From Round of 32 to the Quarter-Finals
France's Round of 32 tie against Sweden was exactly what the form book predicted: a 3–0 procession, with Kylian Mbappé scoring either side of half-time (45th and 74th minutes) and Bradley Barcola adding a third early in the second half. It extended a run that has now seen France score in every match of the tournament and concede almost nothing. But the Round of 16 was a different animal entirely. Paraguay arrived having just eliminated four-time champions Germany on penalties, and for 69 minutes they did to France what they'd done to the Germans — compact, disciplined, conceding nothing in open play. It took a 70th-minute Mbappé penalty, coolly dispatched, to separate the sides. France are through, unbeaten, and still yet to lose a knockout match this summer — but for the first time, they were made to sweat for it.
Deschamps' Read, and How the Squad Responded
Didier Deschamps has never hidden his preference for control over spectacle, and the Paraguay performance was control in its purest form — patient, structured, waiting for the door to open rather than trying to force it. N'Golo Kanté's shielding of the back four meant France never looked remotely troubled defensively even while going long stretches without scoring, and that composure is precisely what Deschamps will point to afterwards: a team that didn't panic when the breakthrough wasn't coming. The dressing-room mood, by all accounts, was one of relief rather than celebration — several players have spoken about respecting Paraguay's defensive discipline rather than dismissing it. Mbappé's continued brilliance from the penalty spot keeps him on course for the all-time World Cup knockout-goals record, and Ousmane Dembélé's movement, even on a quiet night personally, is still dragging defenders into positions that open space for others. Deschamps' one lingering worry, voiced before the tournament even reached this stage, remains complacency — and against a Morocco side playing with nothing to lose, that warning has never been more relevant.
Quarter-Final Opponent: Morocco
Morocco did not arrive here quietly. They needed penalties to get past the Netherlands — Achraf Hakimi missing his own spot-kick before Ismael Saibari, the tournament's form player, stepped up to win it — and then responded with the most complete performance of the round, a 3–0 dismantling of co-hosts Canada built on Azzedine Ounahi's brace and Soufiane Rahimi's late third.

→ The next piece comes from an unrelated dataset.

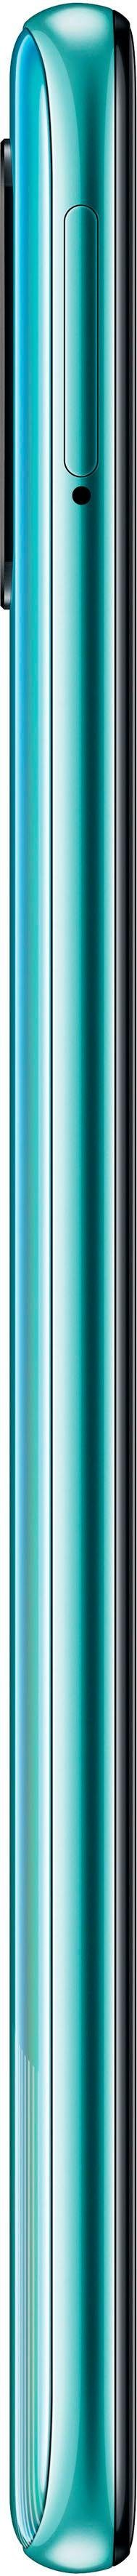 SAMSUNG smartphone Galaxy A51 makkelijk besteld | OTTO
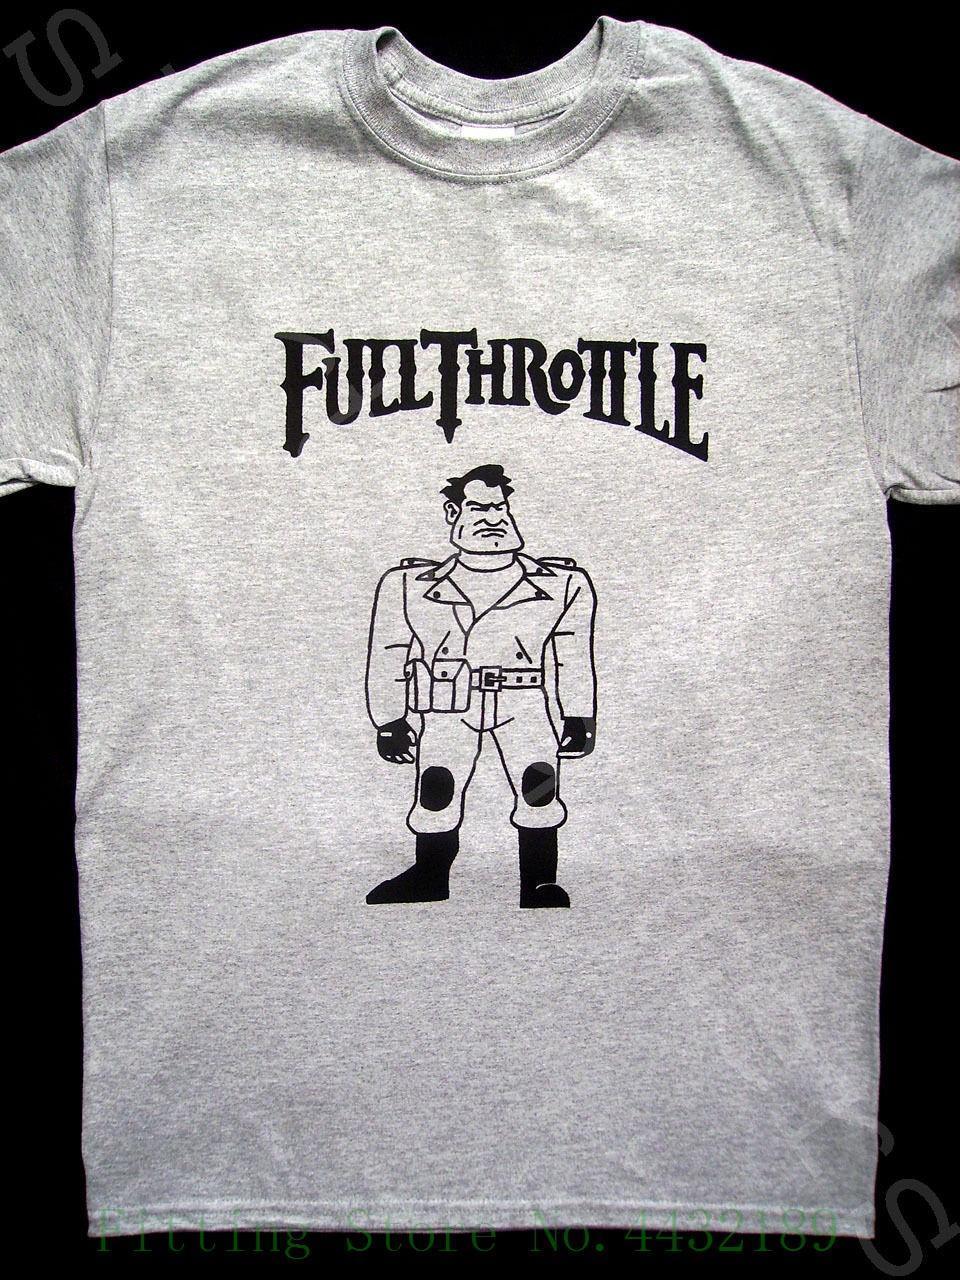 fabb6562d Full Throttle T Shirt Maniac Mansion Loom Lucasarts Grim Fandango Day  Tentacle T Shirt Short Sleeve Brand Make T Shirts Online Tees Design From  Yubin07, ...

That is a team peaking at exactly the right moment, built on Walid Regragui's relentless counter-press and Hakimi's overlapping threat from right-back. The vulnerability, if there is one, is emotional rather than tactical: back-to-back knockout occasions this intense, one via shootout trauma and one via statement blowout, can be a lot to sustain a third time in a row. France, by contrast, have shown they can grind out an ugly result when the occasion demands it — exactly the skill Morocco will be trying to force out of them again. Prediction: France 2–1 Morocco. Expect Morocco to make this deeply uncomfortable for long periods, but Mbappé and Dembélé's individual quality to be the difference in the end.